Why Fact-Checks are Completely Worthless

Many people are stuck on grade school levels of telling truth from lies. Which means they accept whatever is told to them by an authority they trust (like).

They haven’t knowingly caught on to the trick that most events can be seen as both true or false depending on how you look at them.

For example, say Politician A issues a blatant misstatement of fact.

  • If the scapegoat outlet reports the statement, it gets flagged, because it is spreading a falsehood.
  • If the mainstream outlet reports the statement, it slides, because it is just covering the falsehood. 

It’s a very simple trick that most people can do without even realizing they’re doing it. It’s just motivated reasoning. If you think so-and-so is a liar, you will interpret anything so-and-so says such that it is a lie.

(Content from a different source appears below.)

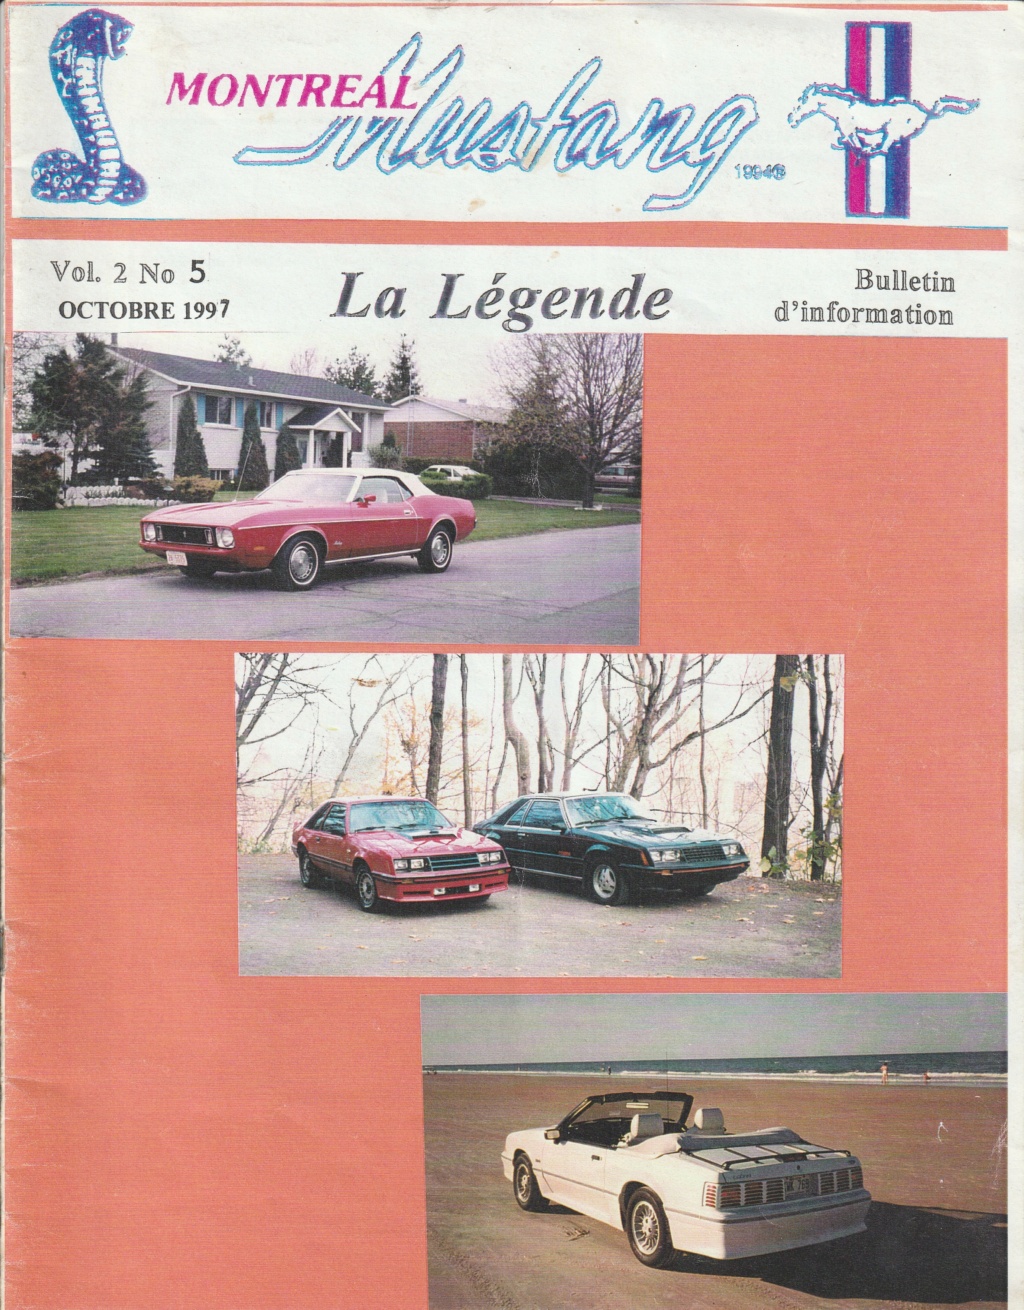 Montréal Mustang dans le temps! 1981 à aujourd'hui (Histoire en photos) - Page 8 Img_2459

This gets even easier when people use idioms, hyperbole, sarcasm, and other rhetorical flourishes, as most people are wont to do. In fact, people rarely speak literally about anything. At root, all language is metaphor, so it could be said we NEVER speak literally.

For every word, phrase, or sentence, there are two or more ways of interpreting it. Approaching someone with bad faith guarantees you will find the interpretation that defies reality and, almost certainly, wasn’t meant.

Which brings me to my ultimate point, that willful misinterpretation is, itself, a lie. 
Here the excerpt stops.